From all of the lectures, I was particularly intrigued by Constrained Learning and Reasoning with Constraints, a 3 part session delivered by Marco Gori ⧉, Professor of computer science at the University of Siena Artificial Intelligence Lab ⧉.

The lectures started by highlighting two main schools of thought. On the one hand, we have formal logic and symbolic reasoning (Artificial Intelligence) and on the other, we have optimisation and statistics (Machine learning). Whilst there have been significant advancements in machine learning, especially with respect to deep learning (the context of the lectures), these advancements have been very narrow and specialised with respect to the domain of Artificial Intelligence. In light of these different schools of thought, the idea (and subject of Professor Gori’s research) is to find a way to unify formal logic (AI) and machine learning.

Compiling FOL into real valued functions

The trouble is that the two areas are based upon incompatible mathematical frameworks. Specifically, the world of abstract reasoning defined in First Order Logic ⧉ (FOL) is not immediately compatible with the world of machine learning which operates with real valued functions. To bridge this gap, the proposal is to make use of triangular norms (t-norms) used in the field of fuzzy logic as to coerce knowledge and constraints expressed in FOL into real-valued functions.

The idea is to be able to inject prior, symbolic knowledge into a machine learning process.

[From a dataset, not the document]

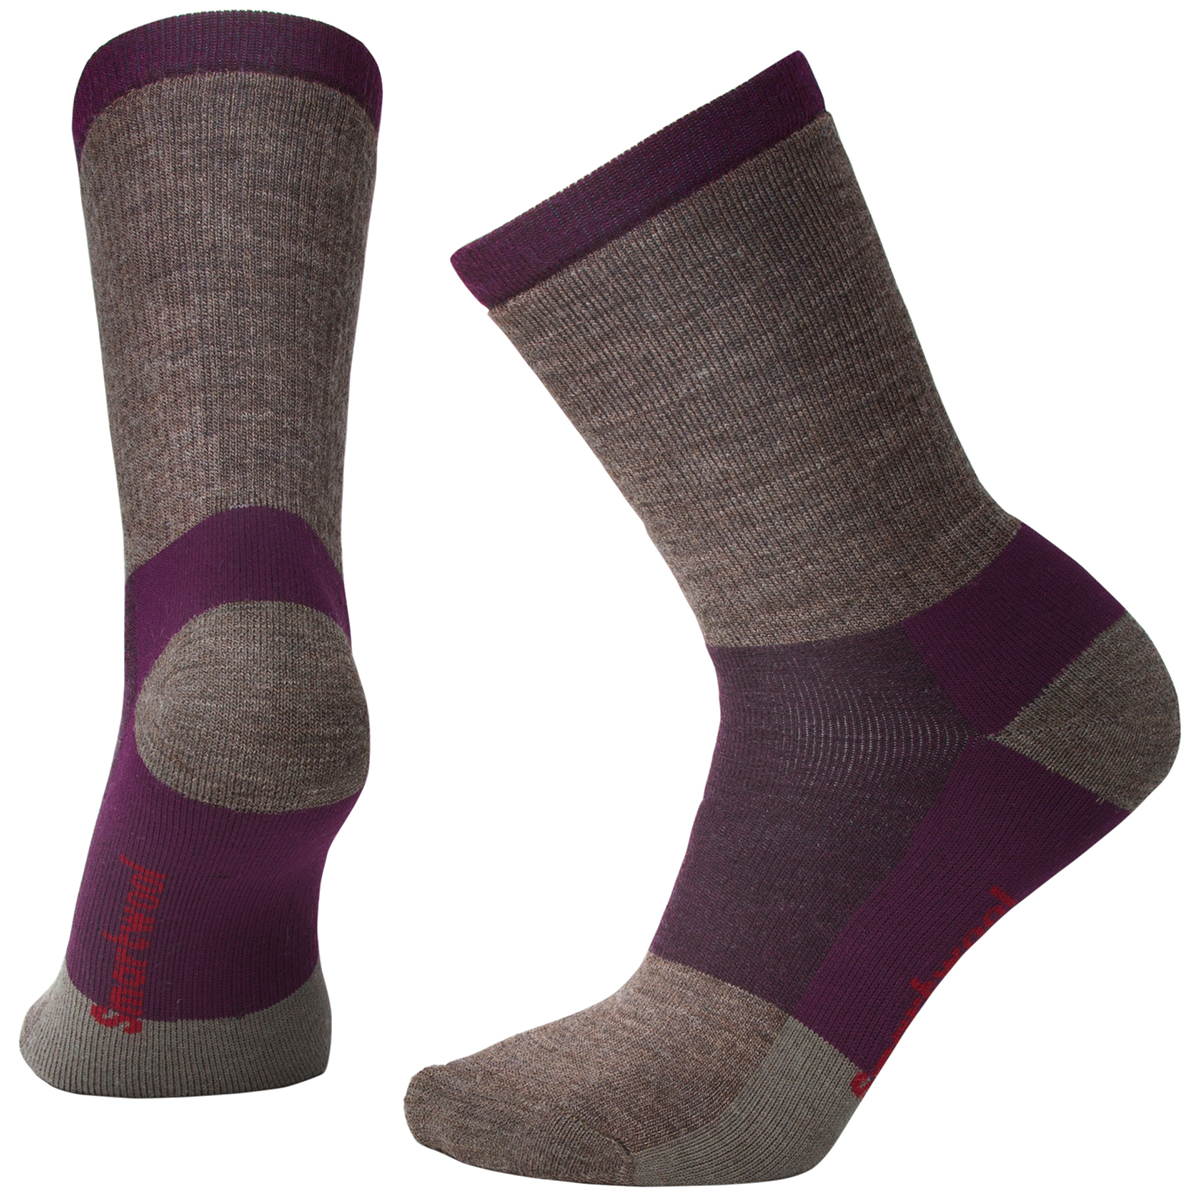 Smartwool Women's Striped Hike Medium Crew Socks - Red, M

For example, to convert a logical conjunction \(p \wedge q\) into a real valued function, it is possible to take the product \(p \cdot q\). To convert logical disjunction, \(p \vee q\), it is possible to take a product \(p+q - p \cdot q\) or use, among others, Łukasiewicz logic: \(min(1, p+q)\). Negation \(\neg p\) can be expressed as \(1 - p\). As such, a communication protocol forms a bridge between the two areas.

I found this idea to be very elegant.

For example, given the proposition \(\forall x \quad a(x) \wedge b(x) \Rightarrow c(x)\), we can map or “compile” into a real valued function by first converting the implication into a conjunction by applying some propositional logic equivalence laws:

\[\begin{matrix} & \forall x \quad a(x) \wedge b(x) \Rightarrow c(x) & \\ \equiv & \neg (a(x) \wedge b(x)) \vee c(x) & \text{by implication} \\ \equiv & \neg (\neg \neg (a(x) \wedge b(x)) \vee \neg c(x)) & \text{by De Morgan's law} \\ \equiv & \neg (a(x) \wedge b(x) \wedge \neg c(x)) & \text{by double negation.} \end{matrix}\]

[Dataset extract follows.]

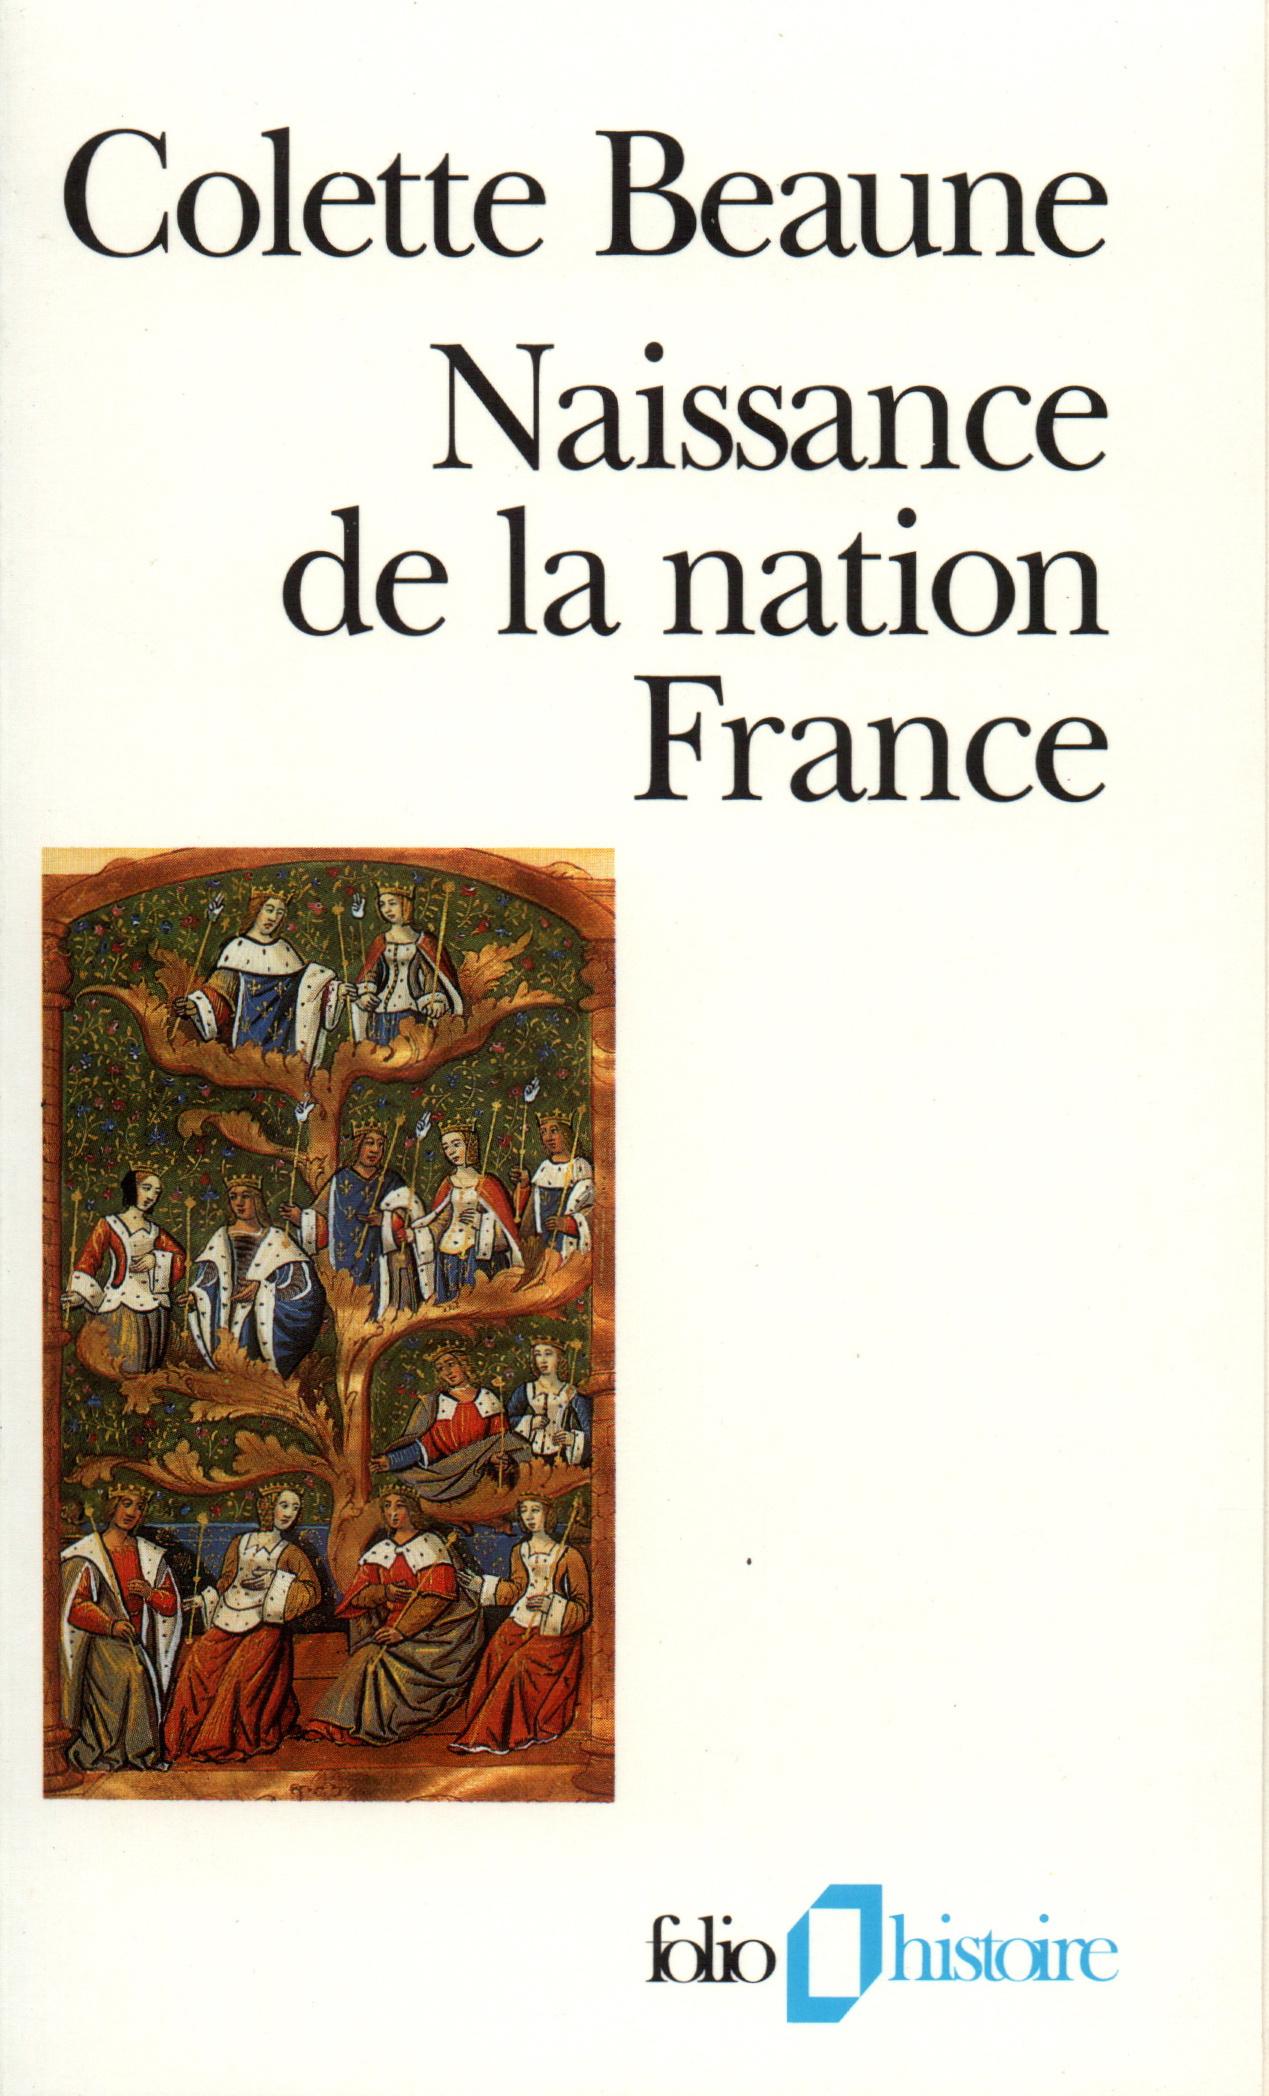 Naissance de la nation France, 1985.jpg

Now, given that we can map conjunction and negation, we can extract a real-valued equivalent:

\[f_a(x) f_b(x) (1 - f_c(x)) = 0.\]

So, before \(a(x)\) represented a boolean predicate, it is now represented by a real valued function \(f_a(x)\) such that there is now a degree of \(a\) and a degree of satisfaction, in terms of the real-valued constraint.

Practically, from an implementation perspective, existing objective functions are then augmented in a similar fashion as one would include a regularisation term. The machine learning objective would then be to minimise a loss function of the form: \(loss + \lambda_1 r + \lambda_2 p\), where \(\lambda_1\) and \(\lambda_2\) are weights used to modulate the regularisation and contraint violation penalty functions respectively. The constraint violation penalty function includes constraints which have been mapped from FOL into real-valued functions which need to be satisfied. We could then define some prior knowledge of the learning problem in the form of FOL expressions which could be used to guide the data driven learning process.

Stage based learning

Note that introducing another term into the loss function has an implication and this is where things start to get more interesting. The implication is that the search space is now much more complex and may include any number of logical constraints. In the associated papers distributed with other course material, the addition of a new penalty term acts as a hindrance to the learning process. As such, a new (learning) methodology is required.

The idea borrows some concepts from the field of developmental psychology, and specifically, the theory proposed by developmental psychologist Jean Piaget (1896–1980) about the development of human intelligence. In this theory, the development of human intelligence occurs in a number of steps of increasing complexity and abstraction resulting in eventual abstract thought, meta-cognition and problem solving capability. In this context, the machine learning/constraint satisfaction problem is solved in a number of steps.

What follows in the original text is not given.